X_train_lm_6 = sm.add_constant(X_train_new)
lr_6 = sm.OLS(y_train,X_train_lm_6.astype(float)).fit()
print(lr_6.summary())

#### We can cosider the above model i.e lr_6, as it seems to have very low multicolinearity between the predictors and the p-values for all the predictors seems to be significant.

#### F-Statistics value of 248.4 (which is greater than 1) and the p-value of 1.47e-186 i.e almost equals to zero, states that the overall model is significant

In [None]:
# Checking the parameters and their coefficient values
lr_6.params

# Residual Analysis of Train data and validation

In [None]:
y_train_pred = lr_6.predict(X_train_lm_6)

### Normality of error terms

In [None]:
# Plot the histogram of the error terms

fig = plt.figure()
sns.distplot((y_train - y_train_pred), bins = 20)
fig.suptitle('Error Terms', fontsize = 20) 
plt.xlabel('Errors', fontsize = 18)

#### by observation, error terms is following nomral distribution

## Multicollinearity

In [None]:
calculateVIF(X_train_new)

In [None]:
plt.figure(figsize=(15,8))
sns.heatmap(X_train_new.corr(),annot = True, cmap="RdYlGn")
plt.show()

#### Clear from heat map that there is no multicollinearity

## Linearity

In [None]:
# Linear relationship validation using CCPR plot
# Component and component plus residual plot

sm.graphics.plot_ccpr(lr_6, 'temp')
plt.show()

sm.graphics.plot_ccpr(lr_6, 'sep')
plt.show()

sm.graphics.plot_ccpr(lr_6, 'windspeed')
plt.show()

#### Homoscedasticity

In [None]:
y_train_pred = lr_6.predict(X_train_lm_6)
residual = y_train - y_train_pred
sns.scatterplot(x=y_train, y=residual)
plt.plot(y_train,(y_train - y_train), '-r')
plt.xlabel('Count')
plt.ylabel('Residual')
plt.show()

No visible pattern observed from above plot for residuals.

#### Independence of residuals

Durbin-Watson value of final model lr_6 is 2.085, which signifies there is no autocorrelation.

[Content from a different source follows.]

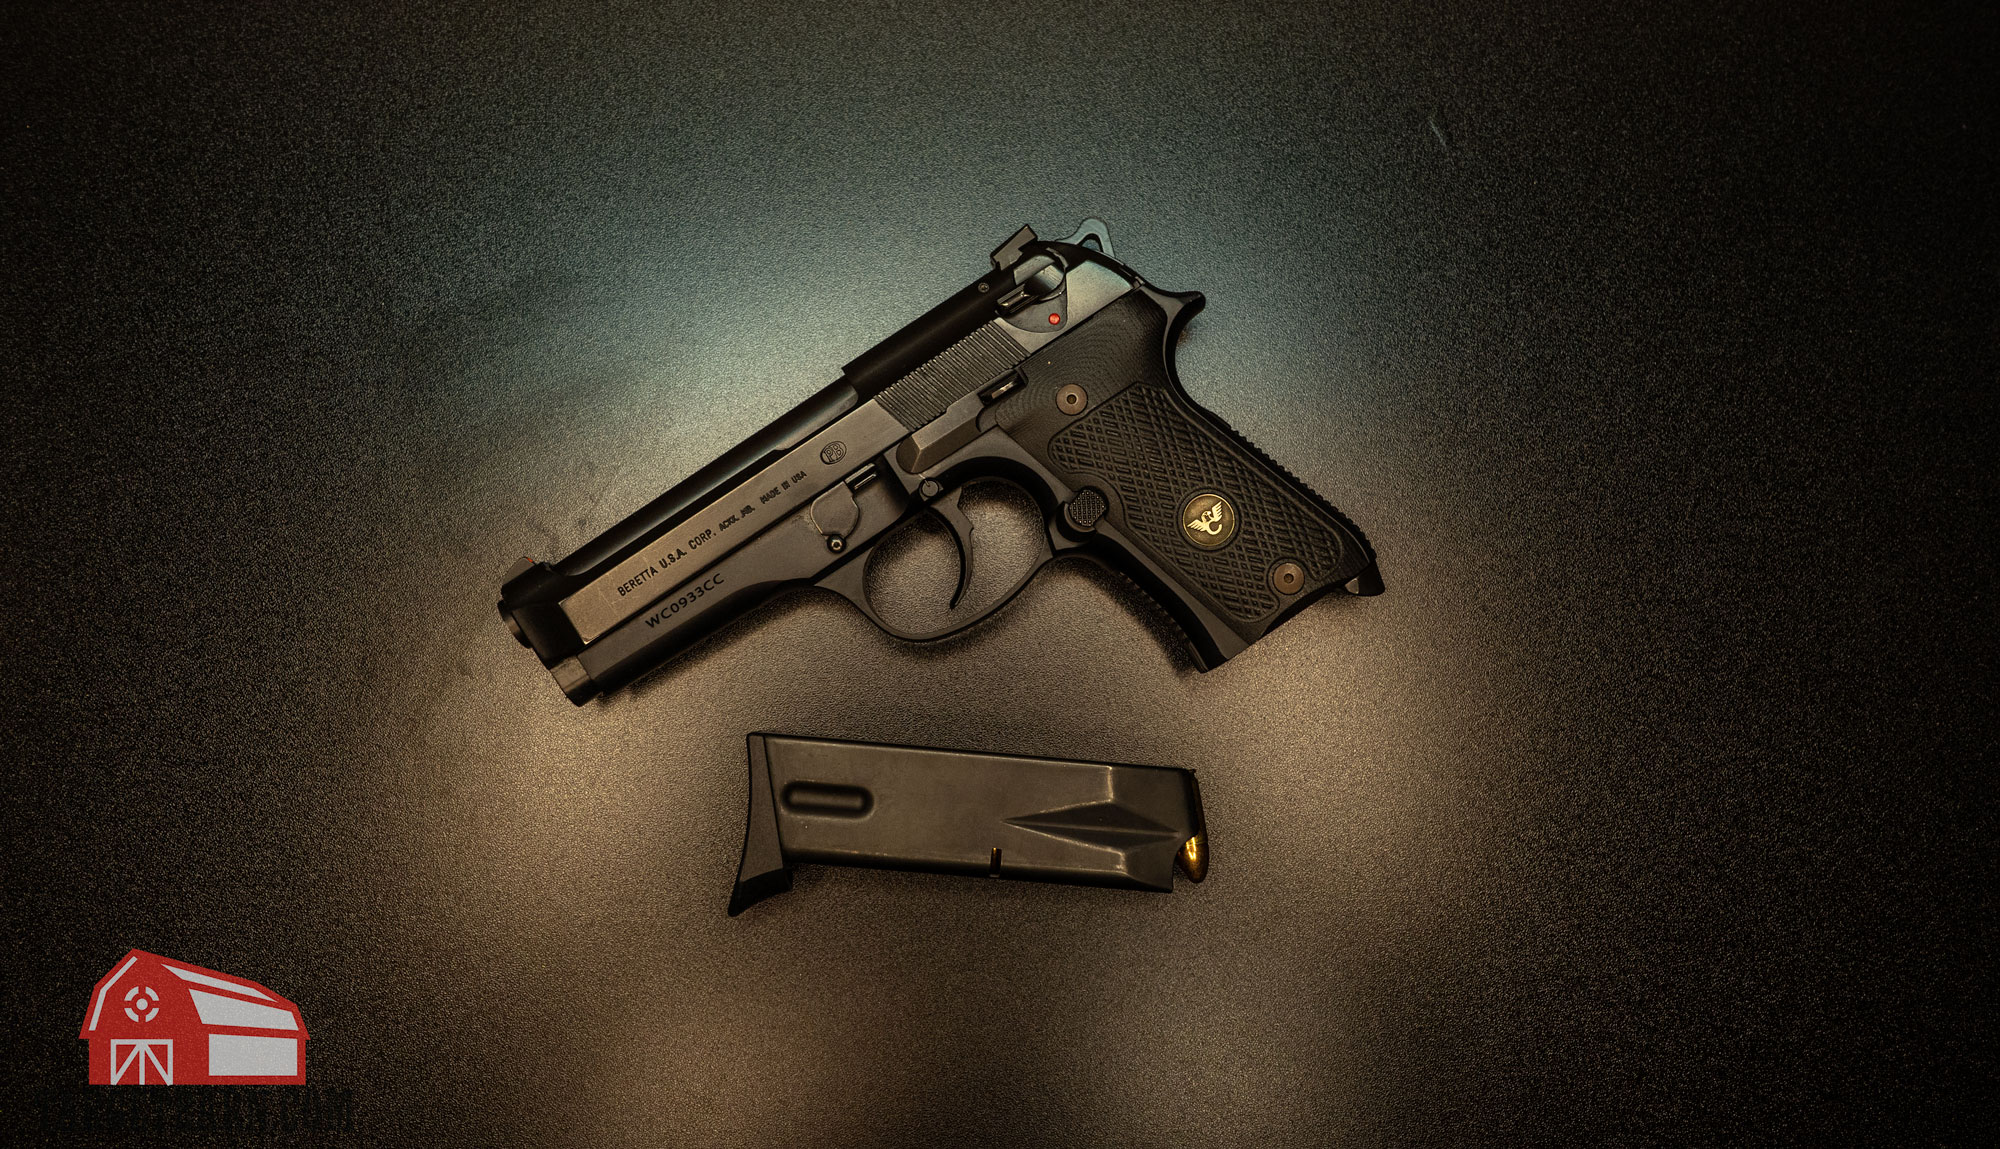 a beretta pistol with a magazine loaded with ball ammo

## Step 7: Making Predictions Using the Final Model

Now that we have fitted the model and checked the normality of error terms, it's time to go ahead and make predictions using the final, i.e. 6th model.

In [None]:
# Applying scaling on the test dataset

num_vars = ['temp', 'atemp', 'hum', 'windspeed','cnt']
df_test[num_vars] = scaler.transform(df_test[num_vars])
df_test.head()

In [None]:
df_test.describe()

In [None]:
y_test = df_test.pop('cnt')
X_test = df_test

In [None]:
col1 = X_train_new.columns

X_test = X_test[col1]

# Adding constant variable to test dataframe
X_test_lm_6 = sm.add_constant(X_test)

In [None]:
y_pred = lr_6.predict(X_test_lm_6)

In [None]:
r2 = r2_score(y_test, y_pred)
round(r2,4)

## Step 8: Model Evaluation
plot the graph for actual versus predicted values.

In [None]:
# Plotting y_test and y_pred to understand the spread

fig = plt.figure()
plt.scatter(y_test, y_pred)
fig.suptitle('y_test vs y_pred', fontsize = 20) 
plt.xlabel('y_test', fontsize = 18)
plt.ylabel('y_pred', fontsize = 16) 

In [None]:
round(lr_6.params,4)

Hence, the equation of best fitted line is:

$ cnt = 0.1909 + 0.2341  *  year - 0.0963  *  holiday + 0.4777 * temp - 0.1481 * windspeed + 0.0910 * sep - 0.2850 * Light_snowrain - 0.0787 * Misty - 0.0554 * spring + 0.0621 * summer + 0.0945 * winter $

In [None]:
# Calculating Adjusted-R^2 value for the test dataset

adjusted_r2 = round(1-(1-r2)*(X_test.shape[0]-1)/(X_test.shape[0]-X_test.shape[1]-1),4)
print(adjusted_r2)

In [None]:
# Visualizing the fit on the test data
# plotting a Regression plot

plt.figure()
sns.regplot(x=y_test.astype(float), y=y_pred.astype(float), ci=68, fit_reg=True,scatter_kws={"color": "blue"}, line_kws={"color": "red"})
plt.title('y_test vs y_pred', fontsize=20)
plt.xlabel('y_test', fontsize=18)
plt.ylabel('y_pred', fontsize=16)
plt.show()

# Training and Testing dataset comparison:
    - Train dataset R^2          : 0.833
    - Test dataset R^2           : 0.8038
    - Train dataset Adjusted R^2 : 0.829    
    - Test dataset Adjusted R^2  : 0.7944

#### The real Factors which are attracting the demand of bikes are year, holiday, temp, windspeed, sep, Light_snowrain, Misty, spring, summer and winter.